Some of her classes center on medieval and Renaissance Italian literature, which can initially seem remote to students. Digital storytelling projects can give students new, hands-on ways to engage with the material on their own terms.
In fact, they’re doing that already. Students have set up social media pages for authors they study in class, and created TikTok videos about Dante and Machiavelli, for example.
And in her Renaissance literature class, students read a treatise from Petrarch about a mountain climb with his brother; the text concerns what the brothers discovered and discussed on the trip. Two students in her class did their own version, by filming their own trek — accompanied by philosophical discussion — in the Nature Preserve.
“It was a wonderful tribute to the original text, updating it and applying it to their own lives,” Stewart said.
You might not consider narrative part of the average science class, but Kyra Ricci, a doctoral student in biology, has already worked with undergraduate artists to develop a biology-themed graphic novel. She’s on the lookout for other strategies as well.
“I’m really interested in learning more about videos and other media we can use in science communication, and how I can mentor undergraduate students in using some of these tools that they’re interested in,” she said.
A helping hand
Faculty and graduate students interested in digital scholarship can draw on the expertise of guides: Gibson, Assistant Head of Digital Initiatives for Digital Scholarship Amy Gay and digital scholarship librarian Ruth Carpenter, the latter two at the University Libraries. And there’s also Kadish, who recently became a graduate assistant assigned to the initiative.
A biological sciences graduate student since 2015, Kadish focuses on mycology research — in layperson’s terms, the study of fungi — as well as science communication. She started out making videos on YouTube and has since transitioned to TikTok, where she has nearly half a million followers.
“I’ve been making short science communication films for quite some time and figuring out how to incorporate them into the classroom,” she said. “I’ve done a number of projects over the last few years working with faculty to incorporate videos into their curriculum.”
That includes a creating pre-med video series on statistics and teaching an environmental science class to create TikTok videos. She also uses the platform Discord for classroom communication and is eager to share her expertise.

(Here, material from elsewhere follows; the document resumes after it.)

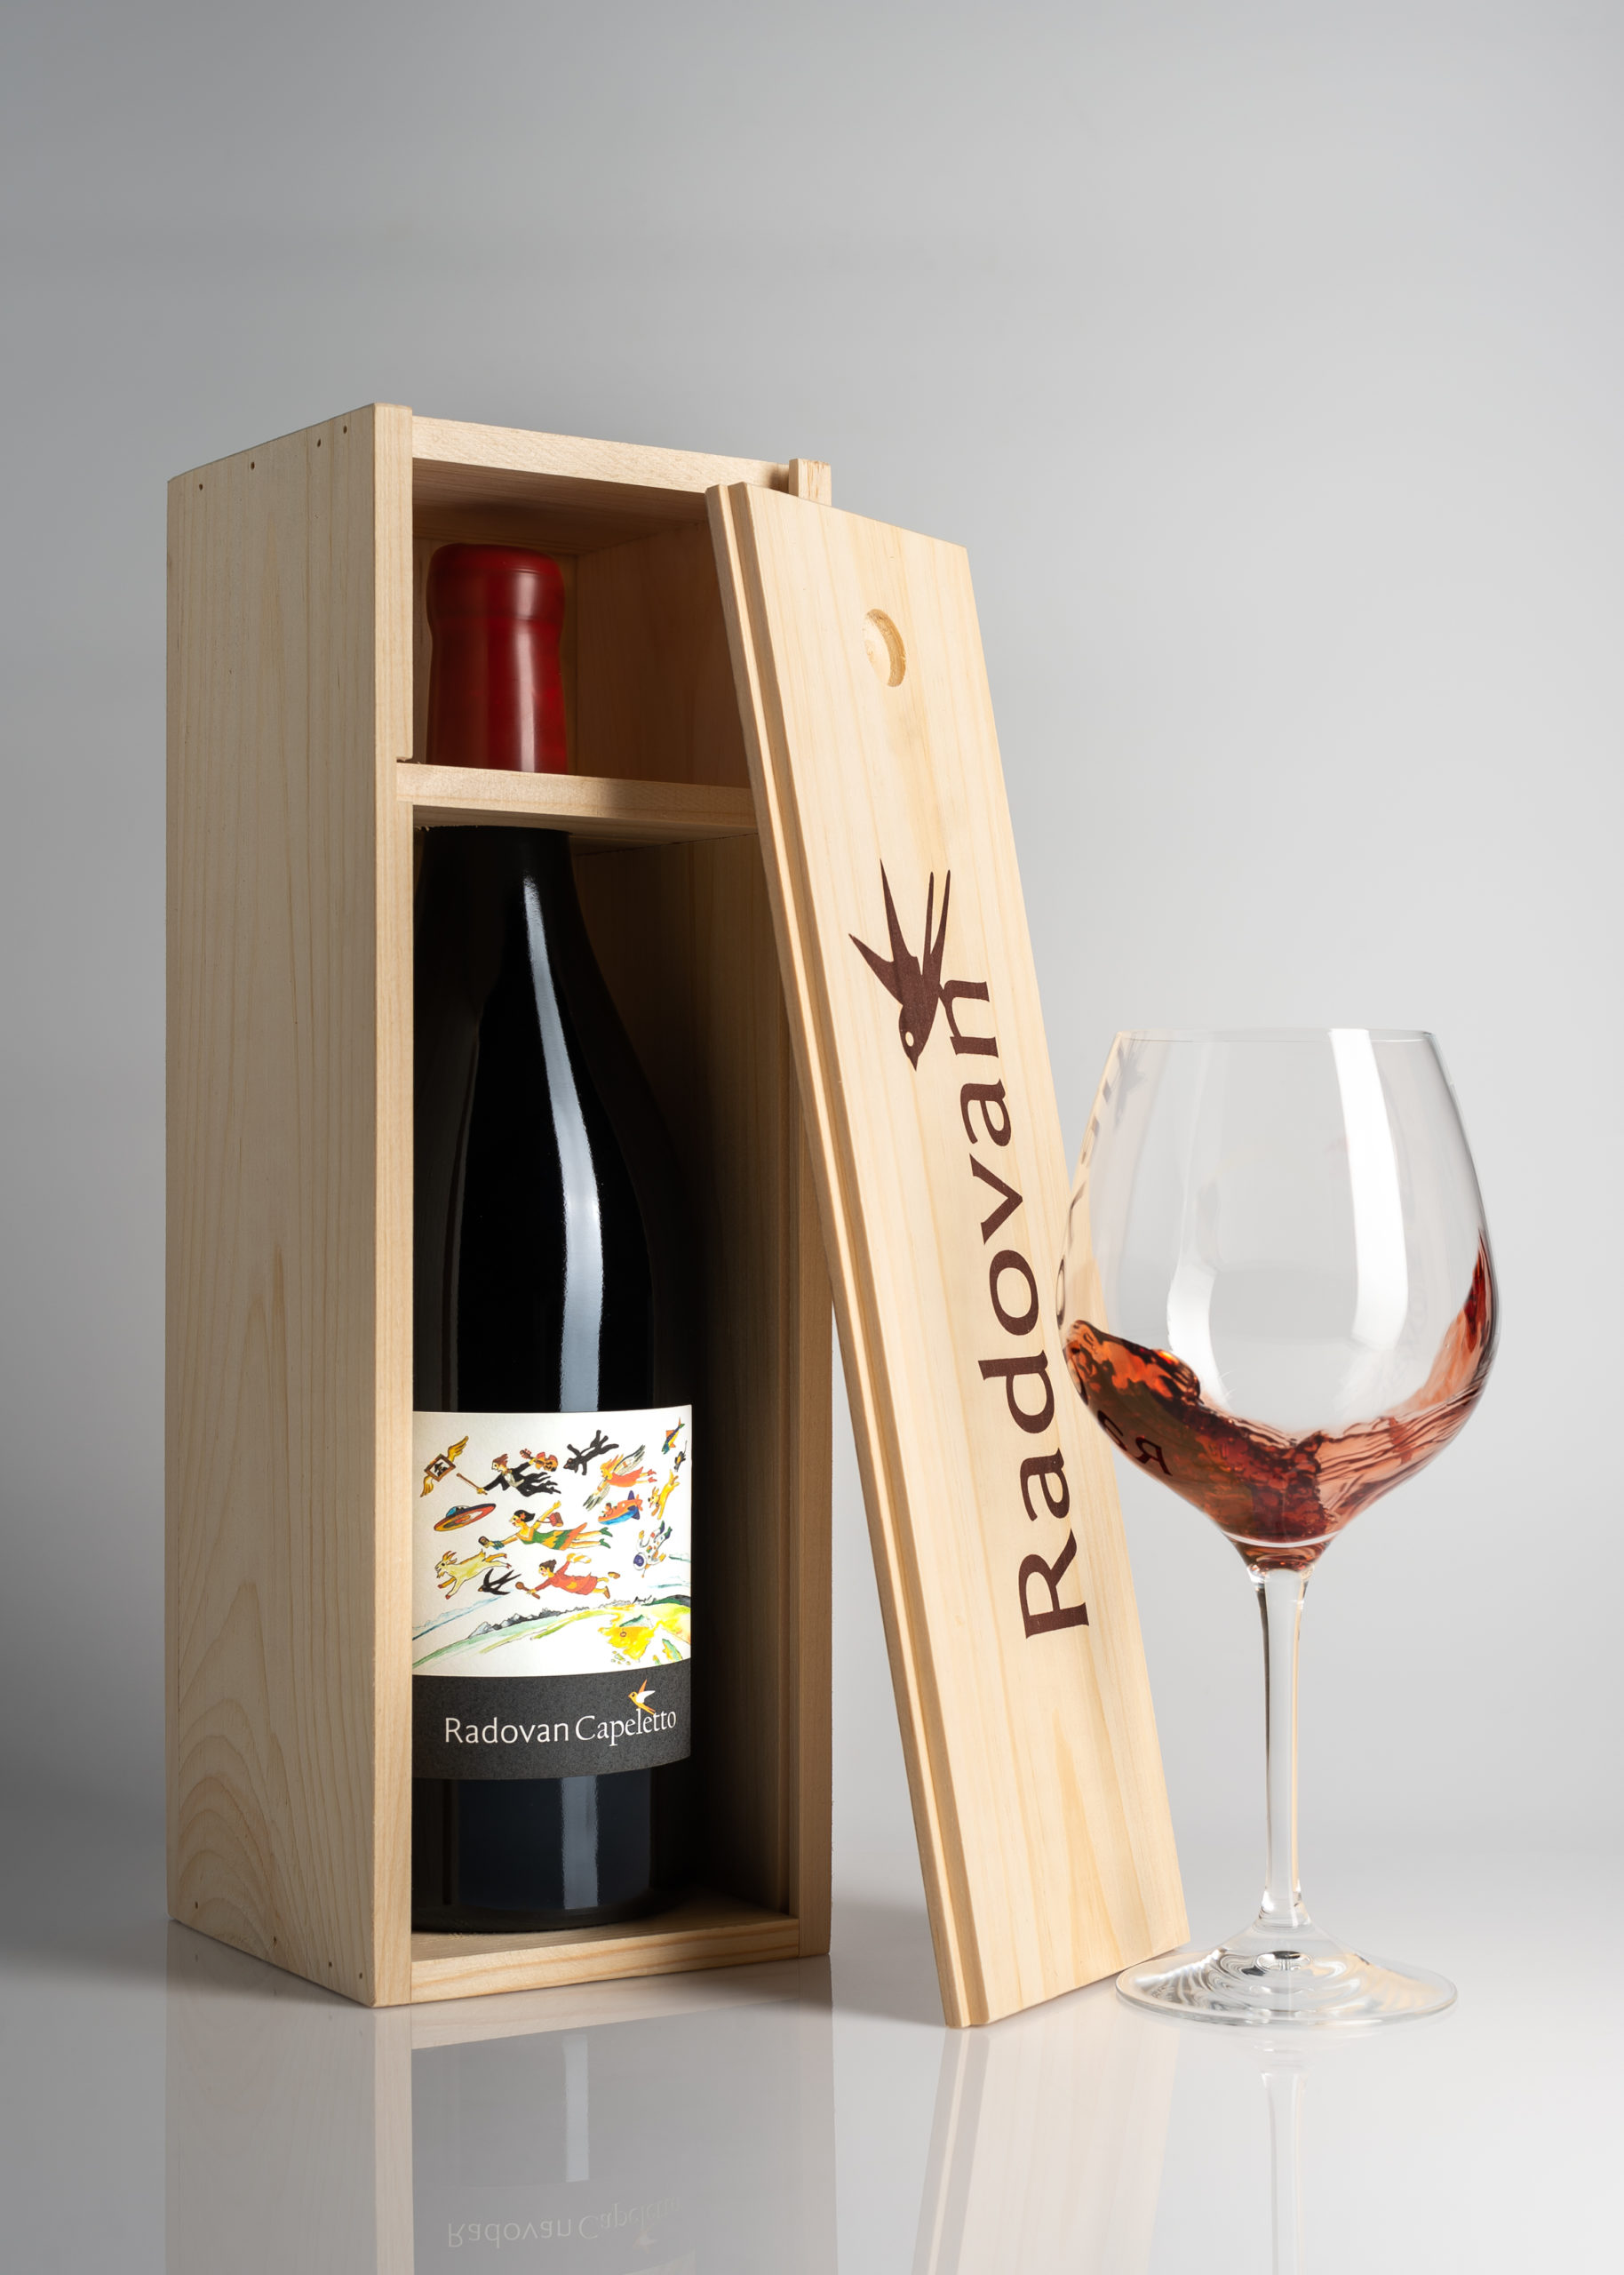 hren | plethora of creativity // Radovan winery studio product photography

And now, after the conclusion of the workshop, participants have another resource: each other. The goal is to create a community that transcends disciplinary lines to develop and enact creative digital approaches in pedagogy.
“What has brought a lot of you here is a desire for a community, a desire to meet other people who are thinking about these things in the way that you are,” Gibson said. “It can be difficult to find those people across the disciplines and departments.”